Reproduce the data below exactly. Skip the pictures.

Stored entries:
○ ○ ○ ○

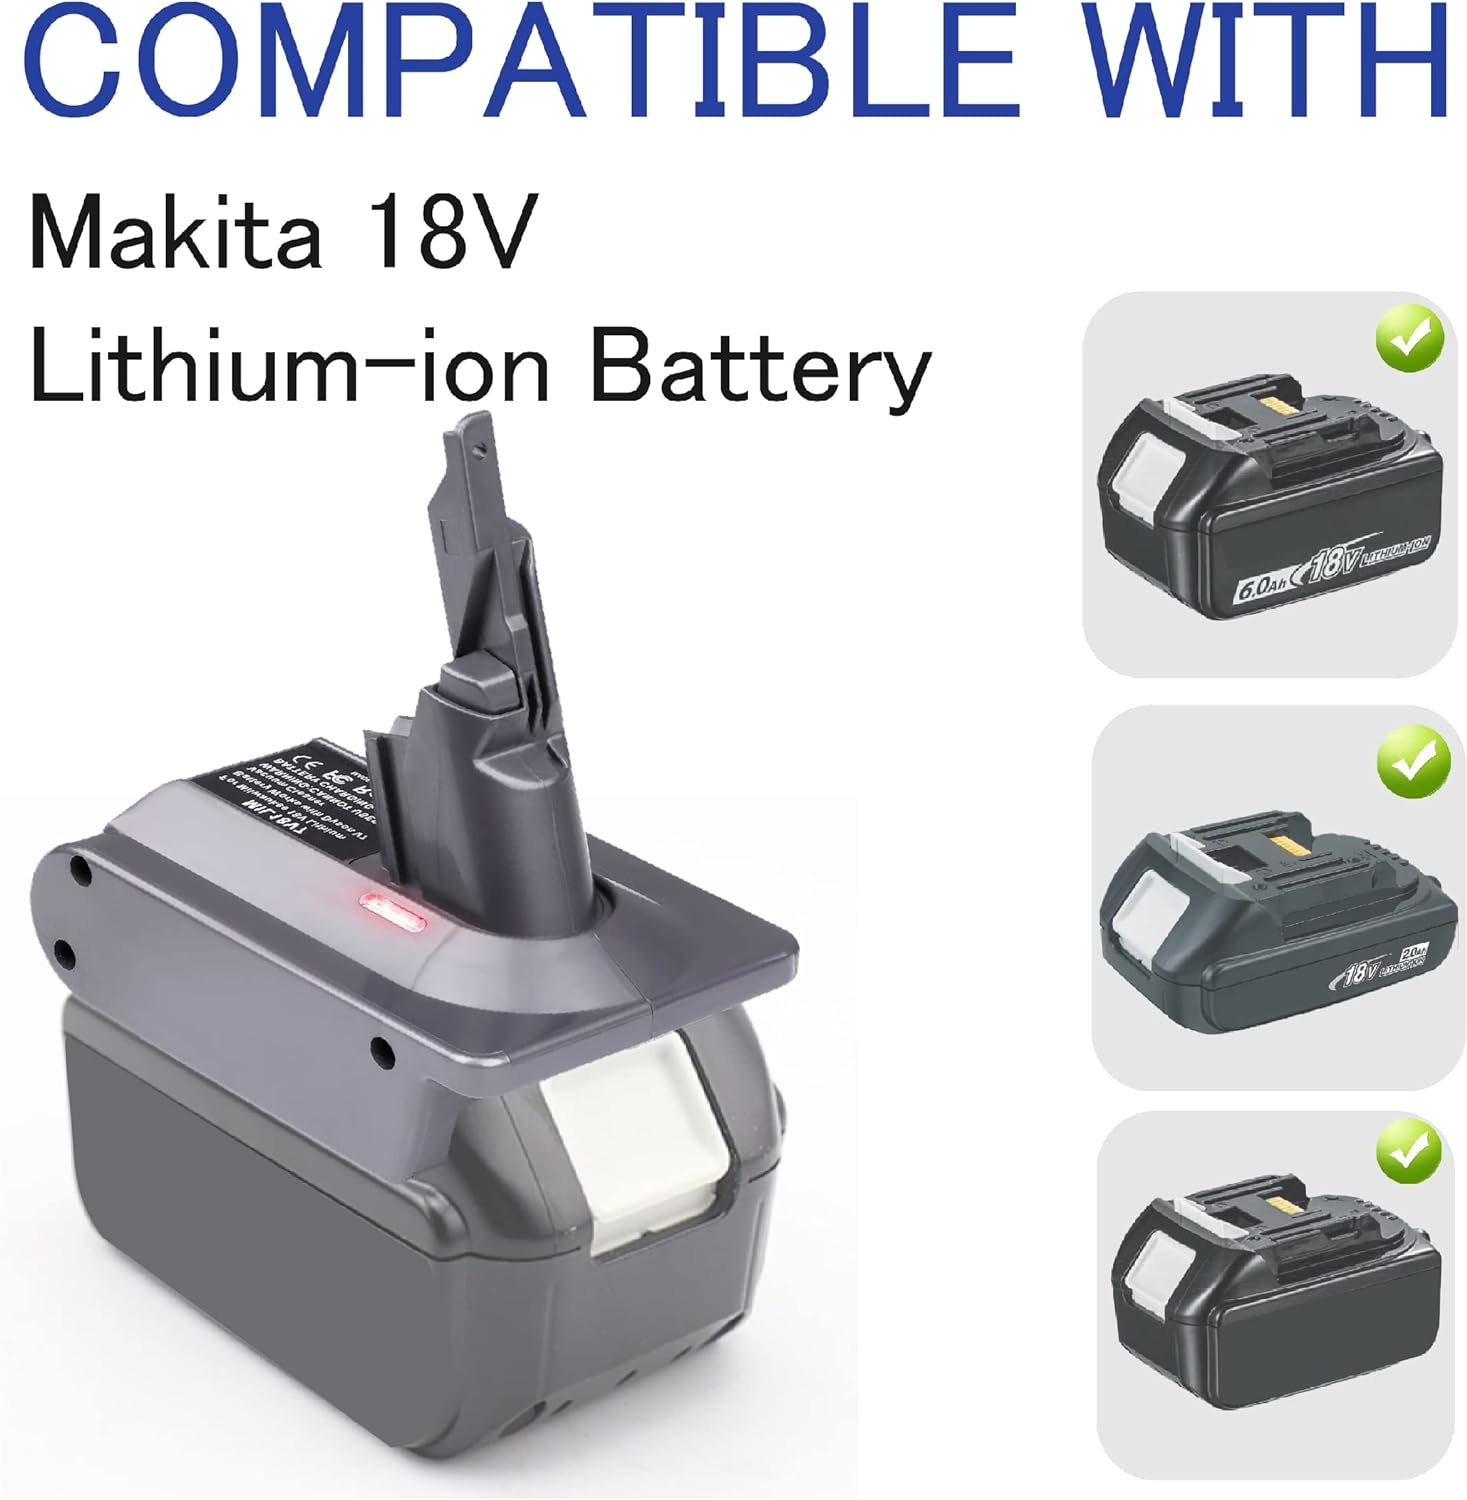 Dalset Bekend duidelijk EID iSH09-M594407mn V7 Adapter for Makita 18V Lithium-ionBattery Convert to  for Dyson V7 Tool use, for Makita 18V BL1830 BL1850 Battery Compatible
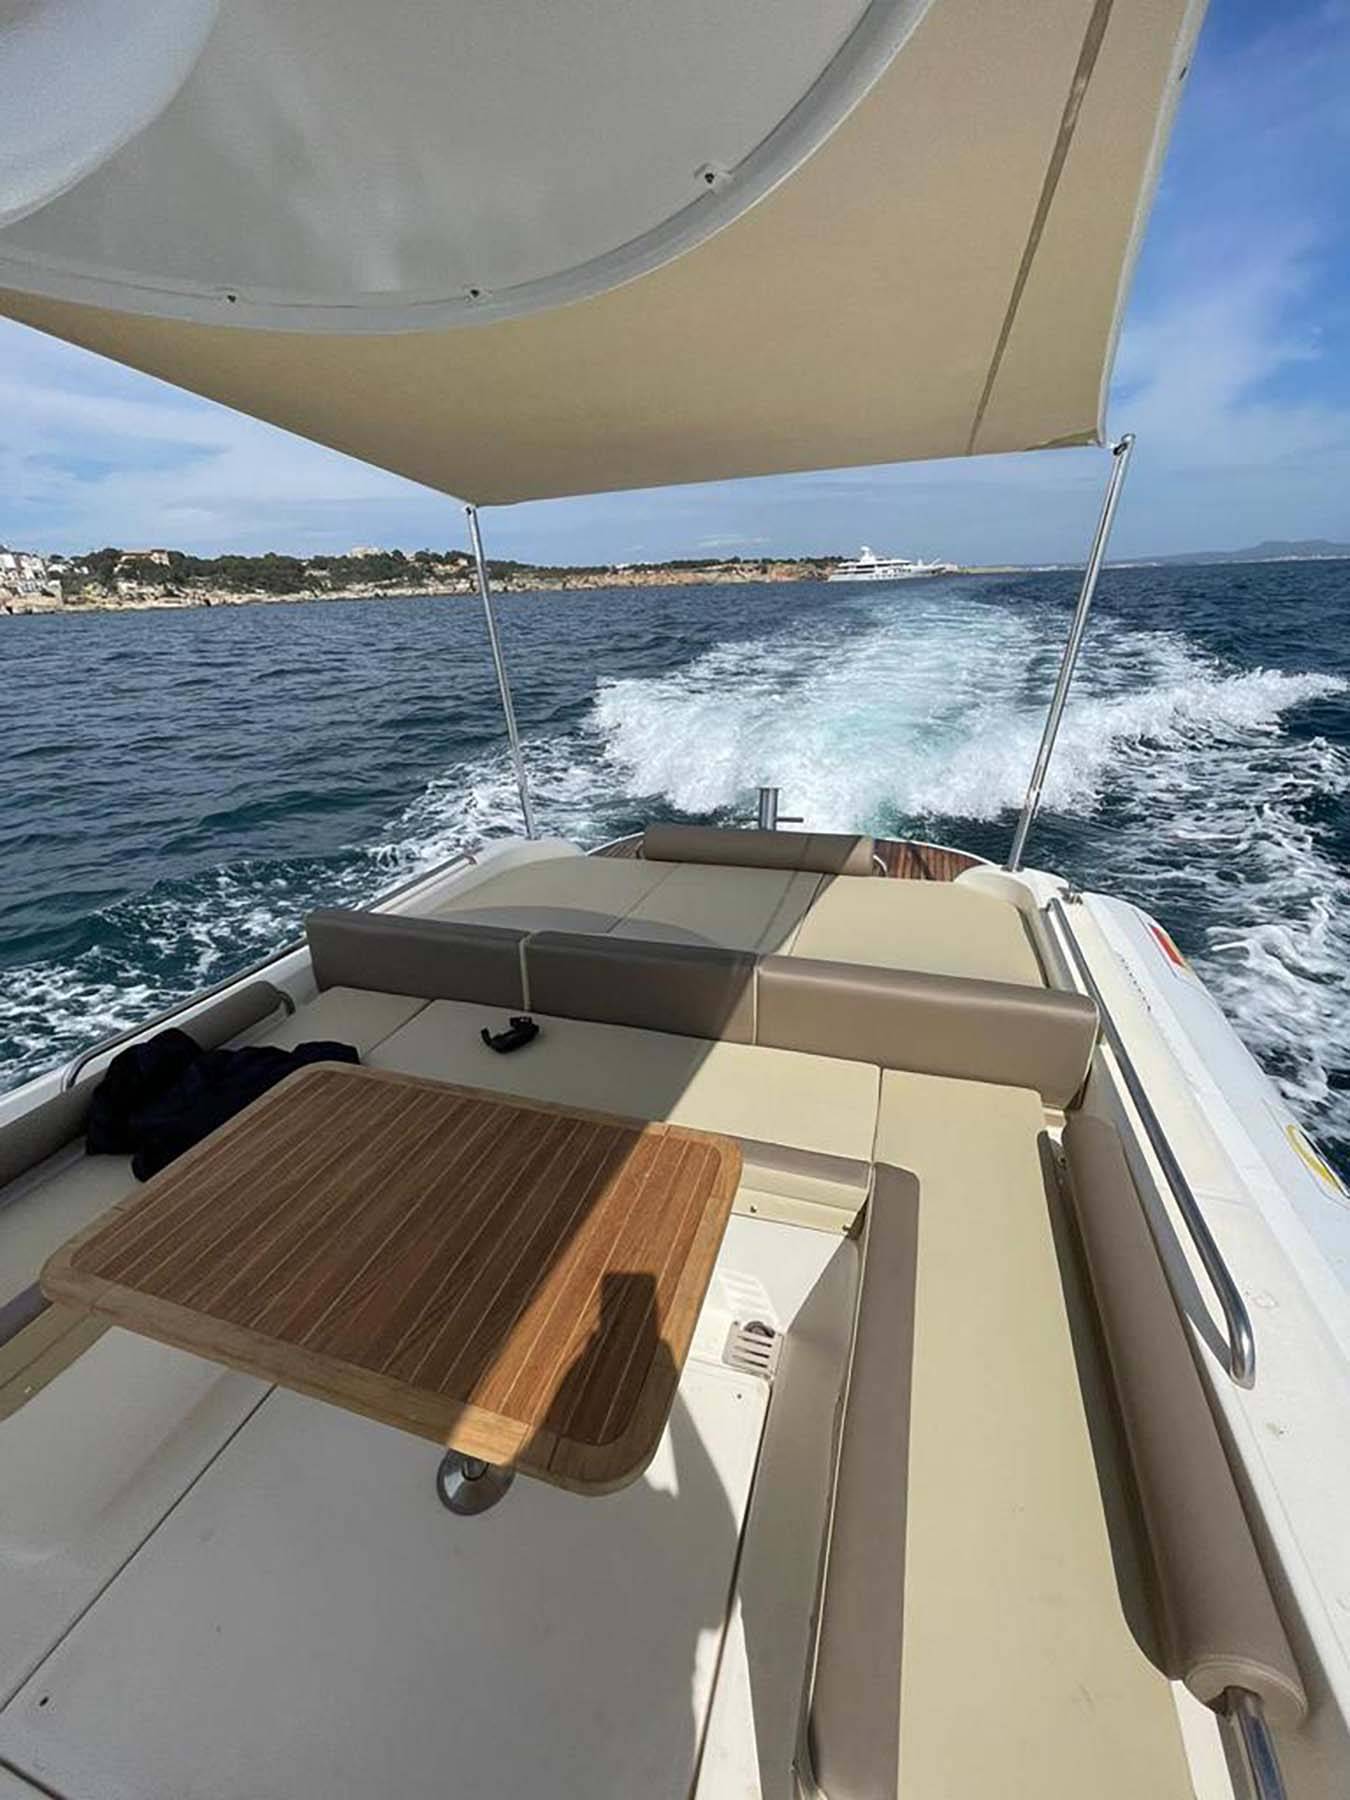 Day charter in Mallorca. Phoenix Moncada yachts
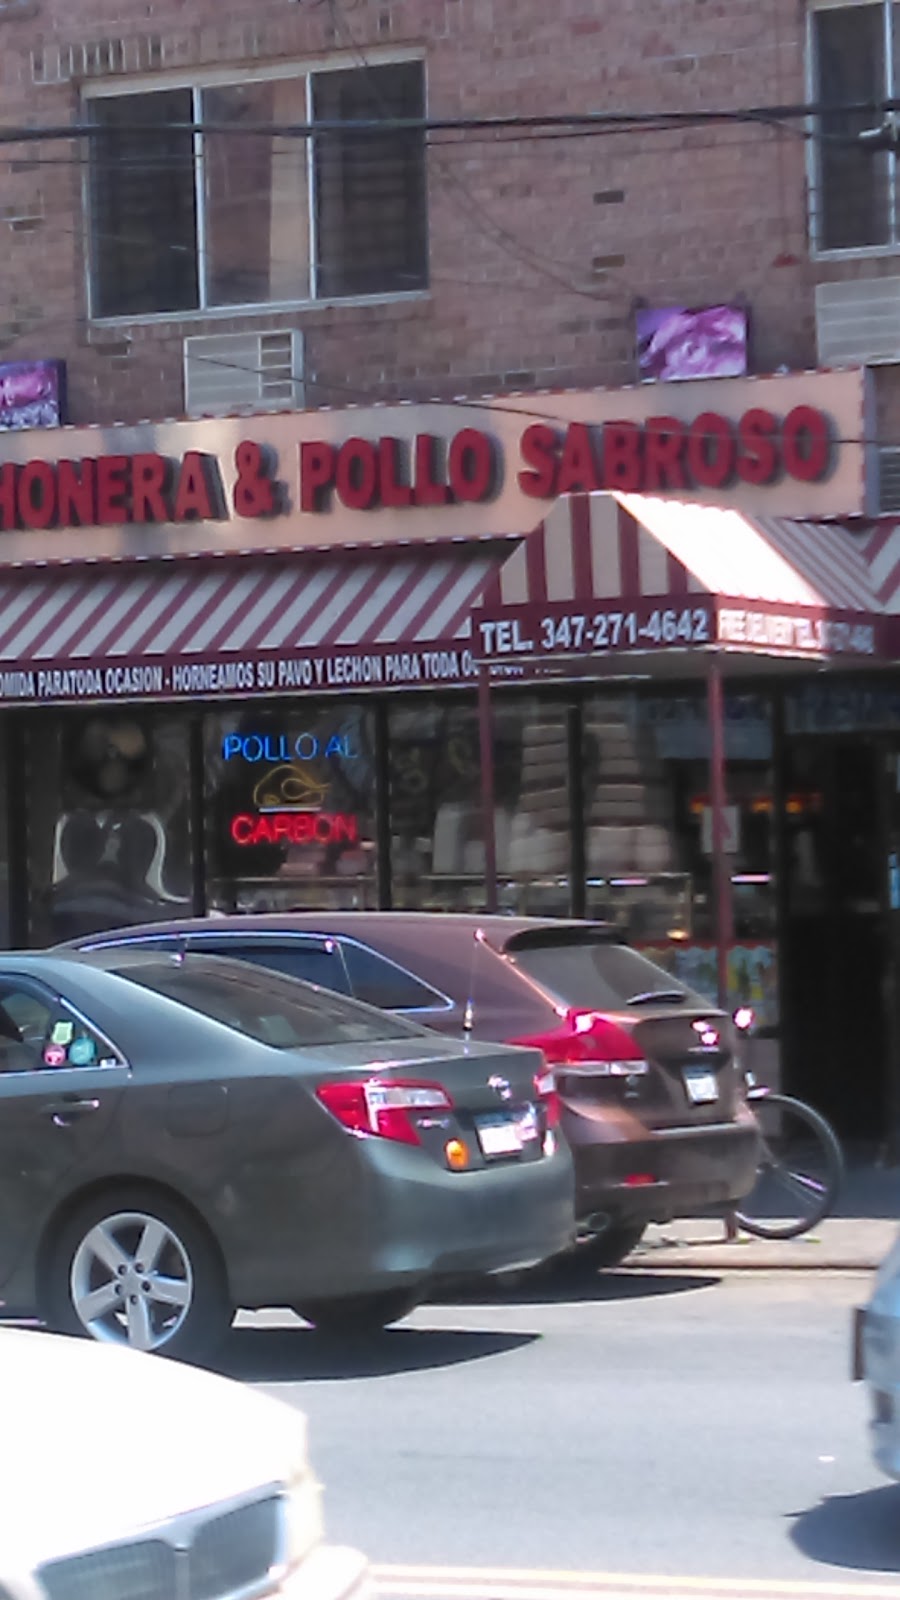 Photo of Lechonera & Pollo Sabroso in Bronx City, New York, United States - 1 Picture of Restaurant, Food, Point of interest, Establishment
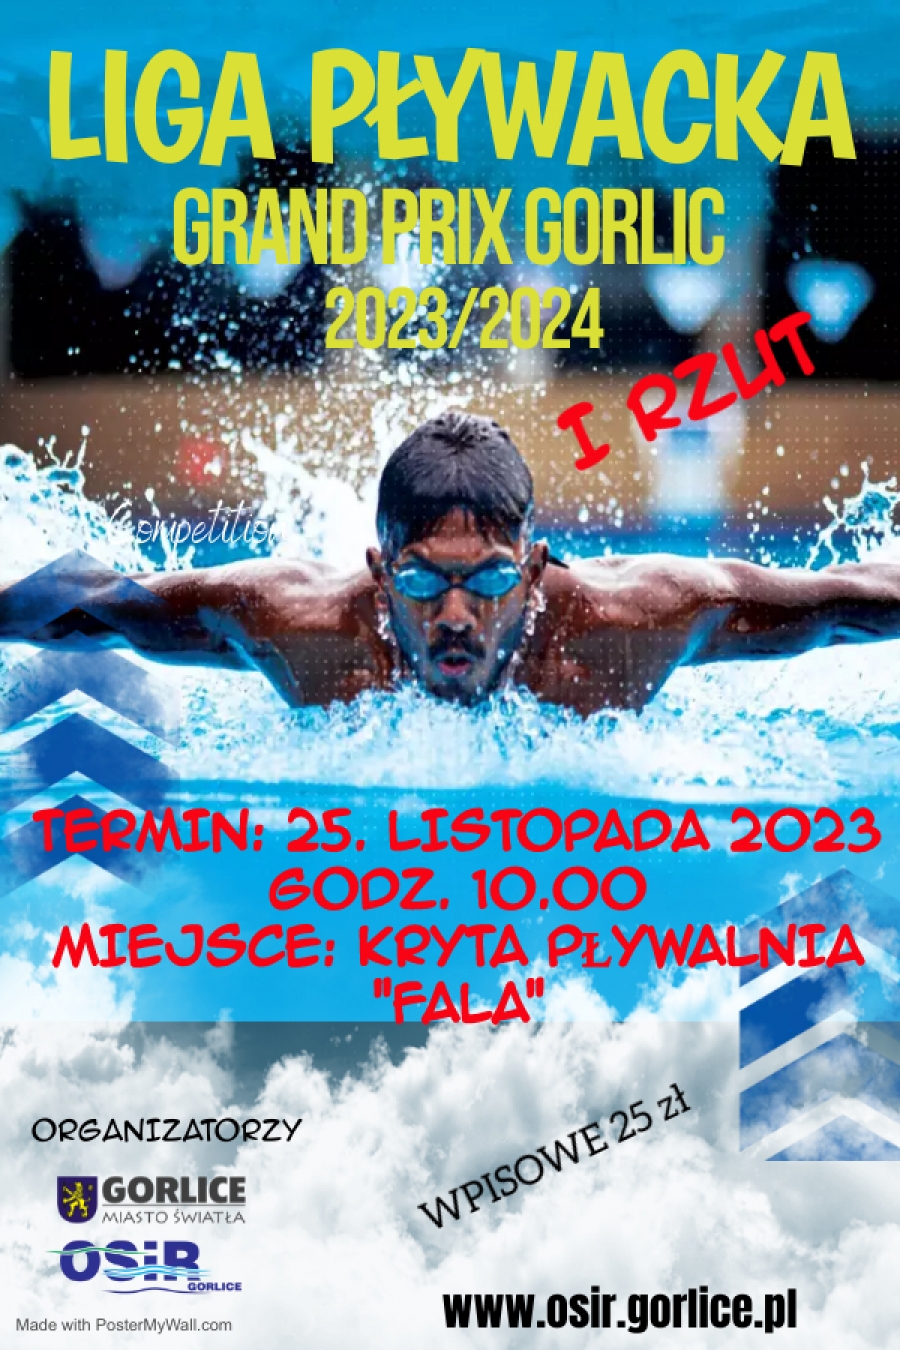 Liga Pływacka Grand Prix Gorlic
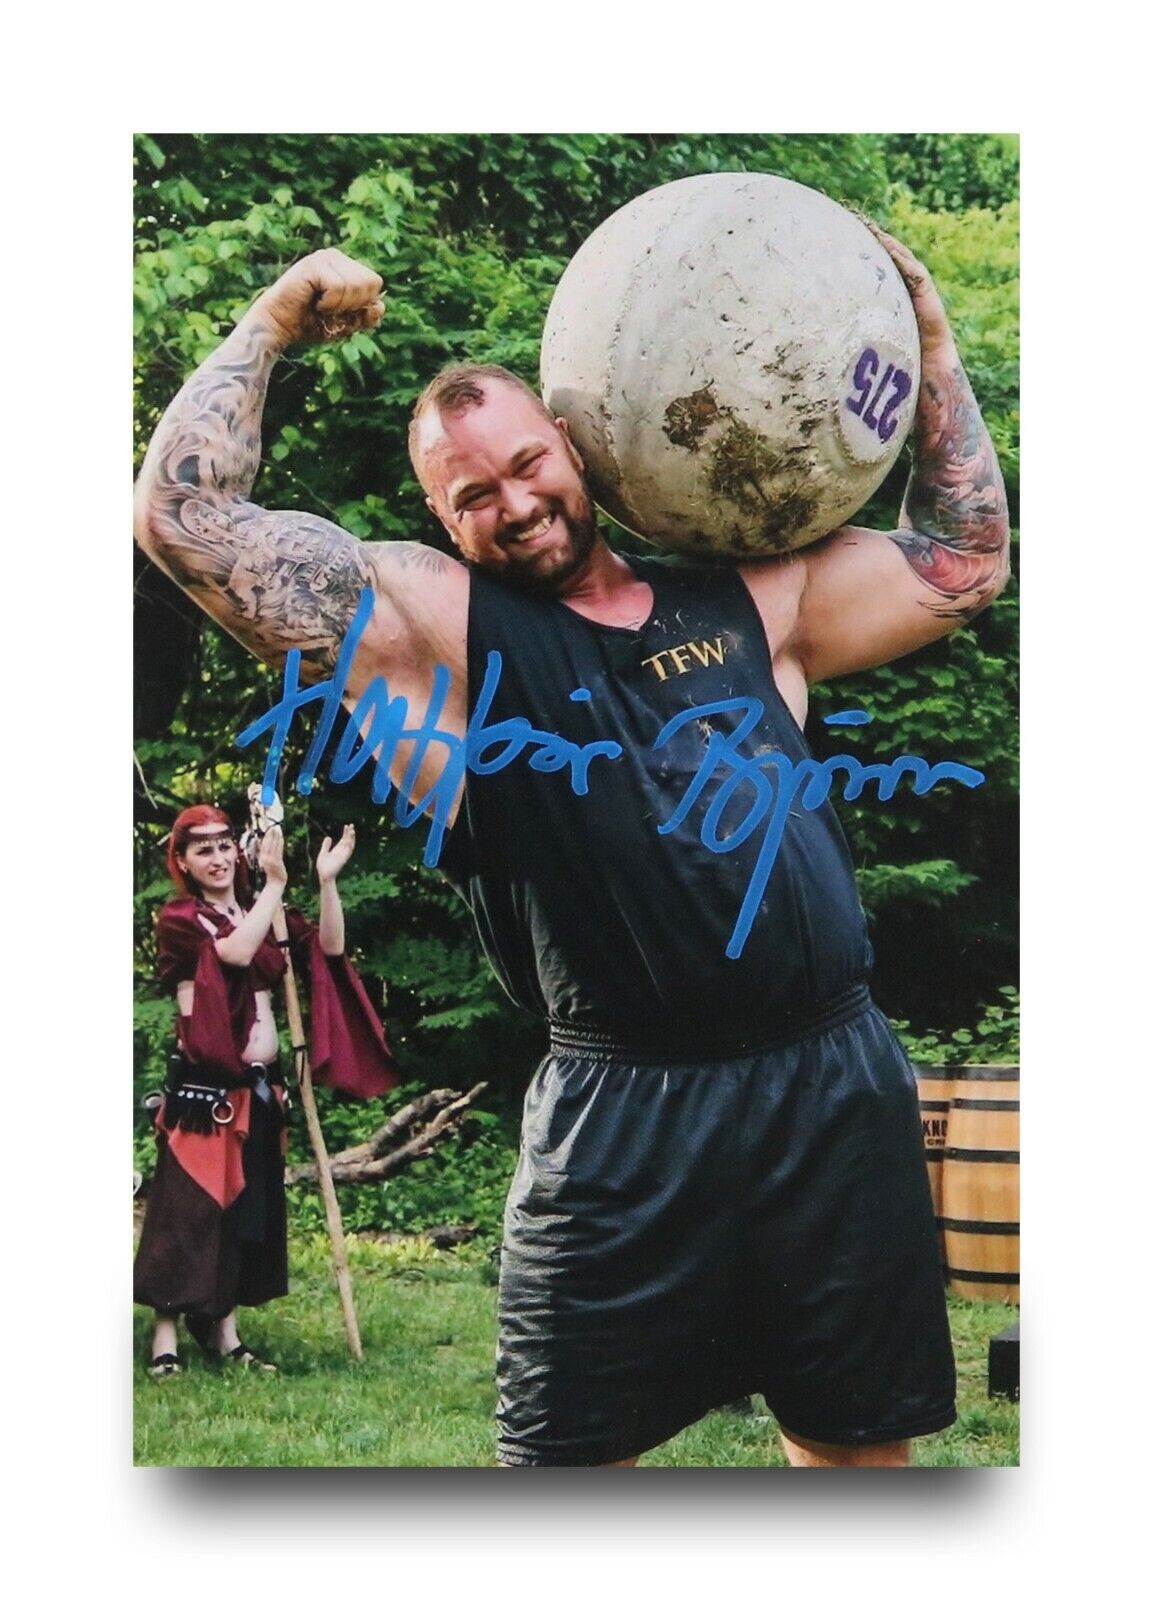 Hafthor 'Thor' Bjornsson Signed 6x4 Photo Poster painting World's Strongest Man Autograph + COA

○ ○ ○ ○

▸ **Answer to this problem**
 Dalset Bekend duidelijk EID iSH09-M594407mn V7 Adapter for Makita 18V Lithium-ionBattery Convert to  for Dyson V7 Tool use, for Makita 18V BL1830 BL1850 Battery Compatible
 Day charter in Mallorca. Phoenix Moncada yachts
 Photo of Lechonera & Pollo Sabroso in Bronx City, New York, United States - 1 Picture of Restaurant, Food, Point of interest, Establishment
 Liga Pływacka Grand Prix Gorlic
 Hafthor 'Thor' Bjornsson Signed 6x4 Photo Poster painting World's Strongest Man Autograph + COA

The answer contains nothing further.